Lobbying by accountants and tax experts over the draconian measures included in the Budget - but not in Gordon Brown's speech - has resulted in a partial U-turn by the Chancellor, but Mrs Cutler is concerned that thousands of Midlands families will still be affected by the changes and further changes to the Finance Bill are required

"Trusts have grown in popularity because of the complex nature of modern family life and despite the Chancellor's climb down over taxing life insurance payments going into a trust, there is no excuse for retrospective legislation that will impact fundamentally on arrangements set up prior to budget day designed to protect families without a period of proper consultation and warning," she says.

"Because the new rules apply to existing trust arrangements, as well as new trusts the legislation is retrospective and I think that is the wrong way to go about what is being headlined as modernising the system."

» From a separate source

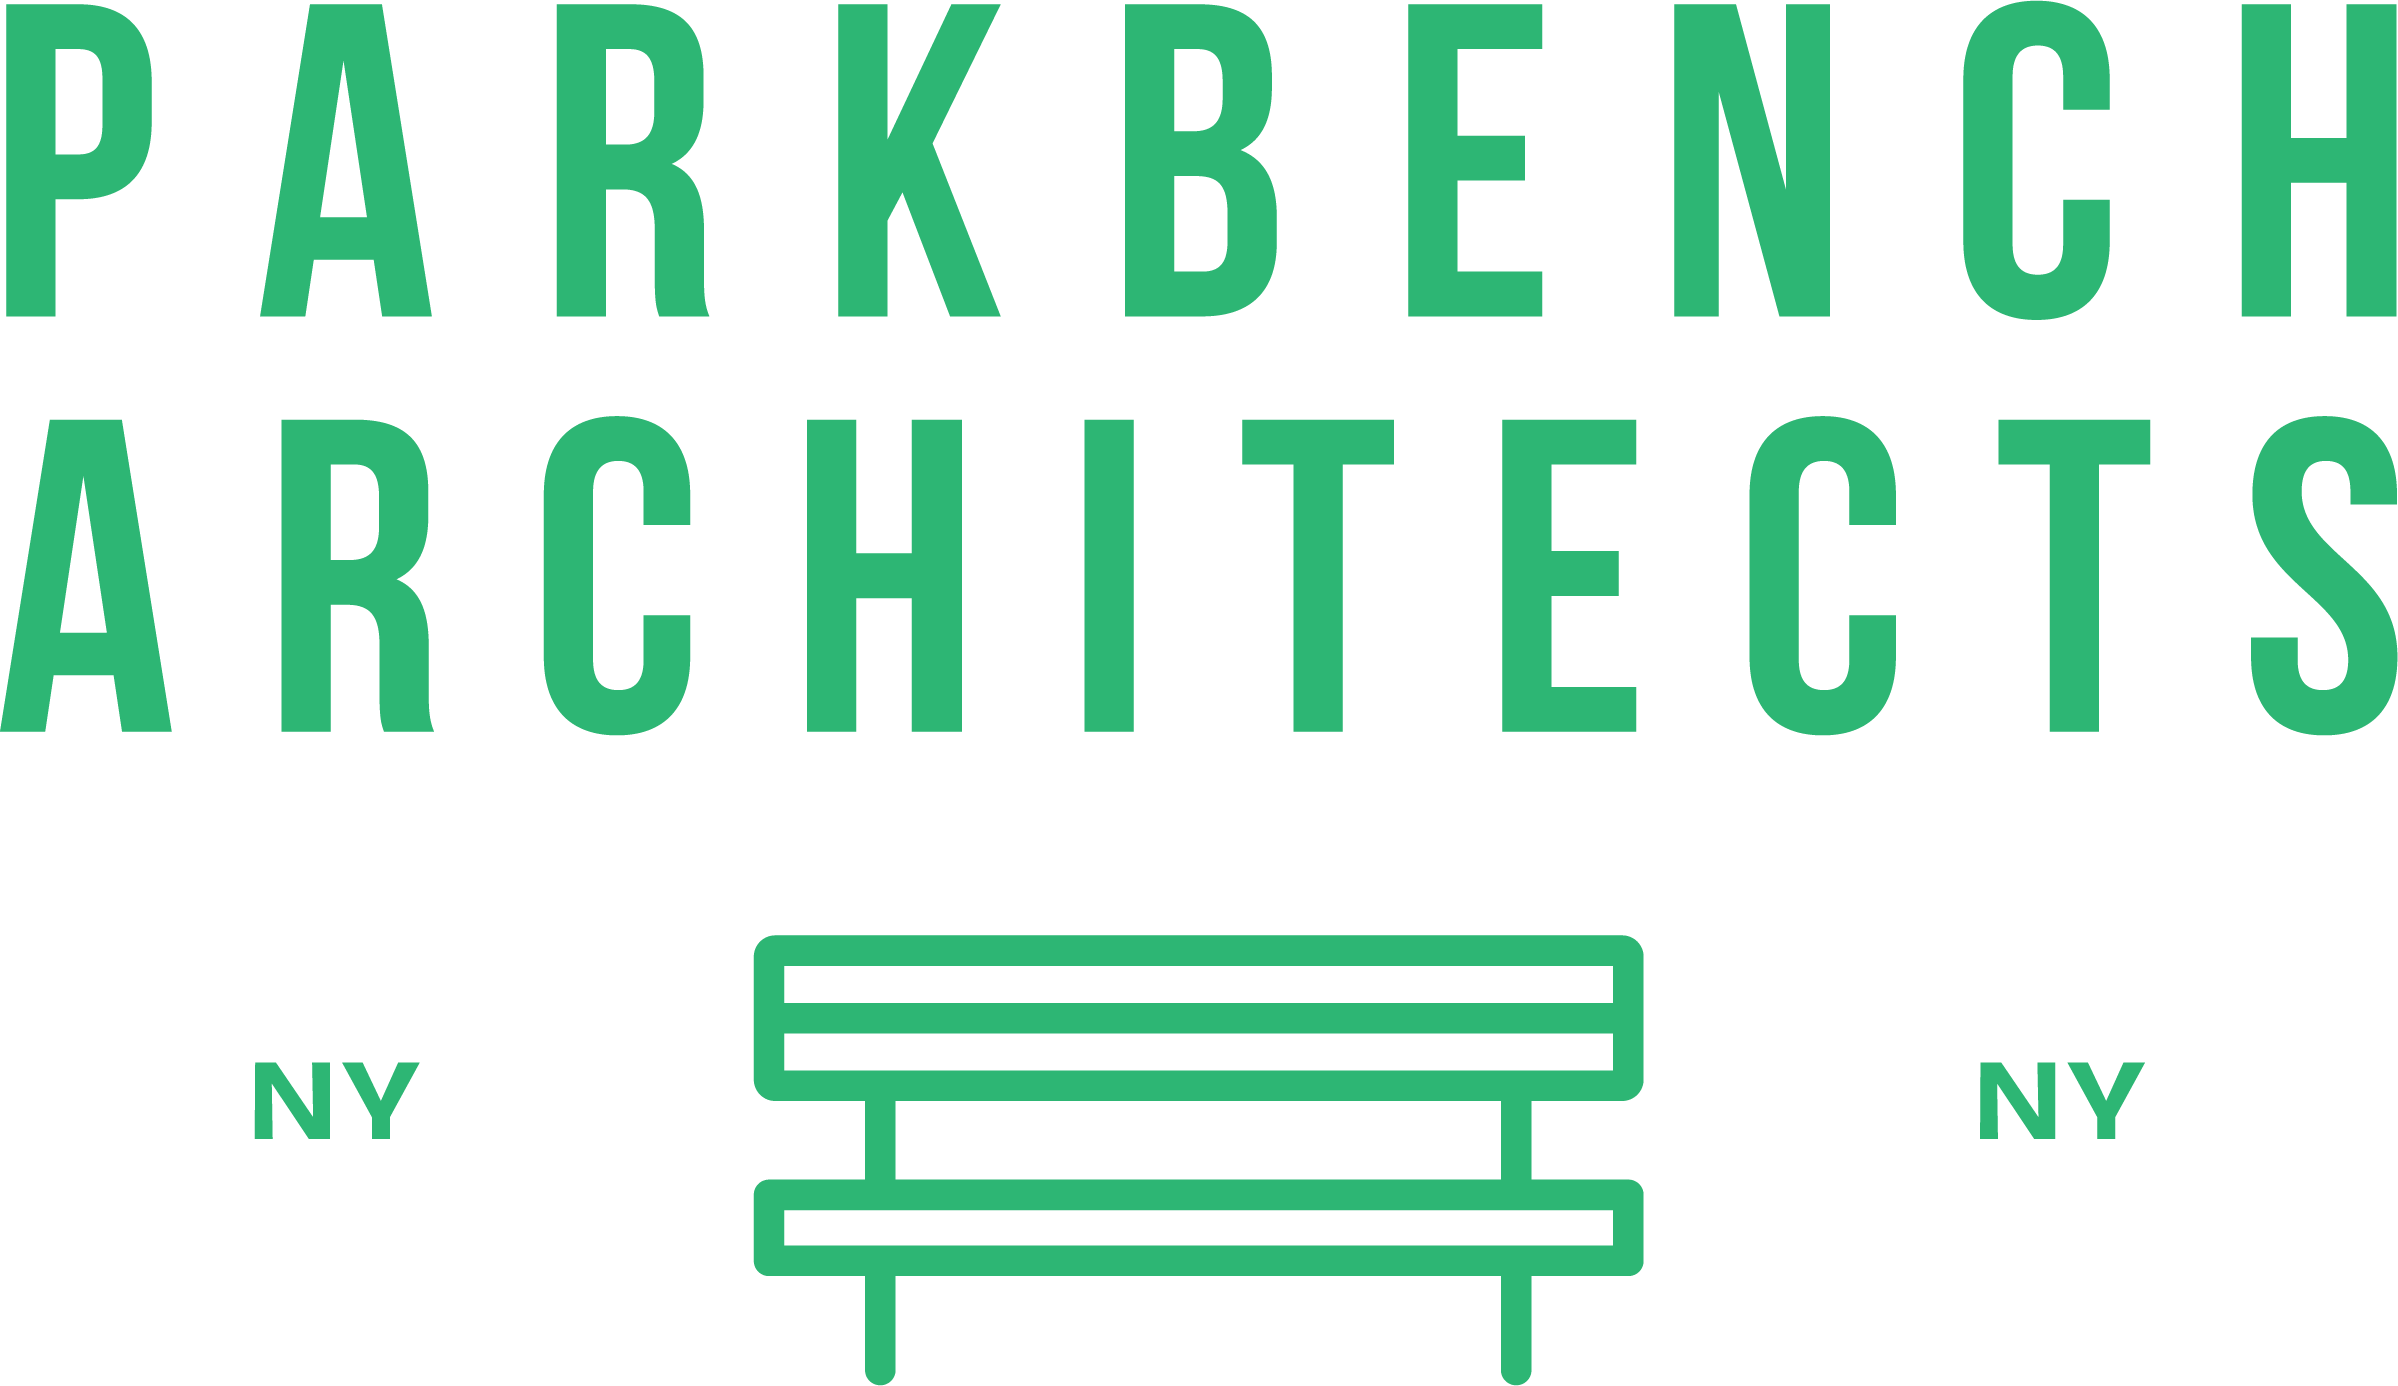 Parkbench Architects

When people remarry and raise a second family an Interest in Possession Trust is commonly set up or incorporated in wills to ensure that the surviving spouse is protected but that the assets ultimately pass to the children, while an Accumulation and Maintenance Trust is often set up by grandparents with a view to helping to support the grandchildren and possibly pay for school fees.

In addition, everyone who has included trusts in their Wills, other than Nil Rate Band Discretionary Trusts, will have to go to the effort and expense of reviewing the small print in order to ascertain whether alterations are required to prevent large tax charges arising.

Mrs Cutler, who is a member of Society of Trust and Estate Practitioners, says that changing a trust is not always possible and may not be easy. It will be the responsibility of the trustees, not the person who set up the trust, to decide whether the terms of the trust should be changed and this may require leave of the Court.

"We are still examining the details of the Finance Bill but I would advise people to look at their wills immediately to see whether a tax charge will now arise on death and to take prompt action if this is the case. It may also be necessary to amend Wills again when the details of the new legislation are finalised," says Mrs Cutler.

"When the new rules are clear we can advise individuals as to the best course of action based on their particular financial planning needs and family circumstances."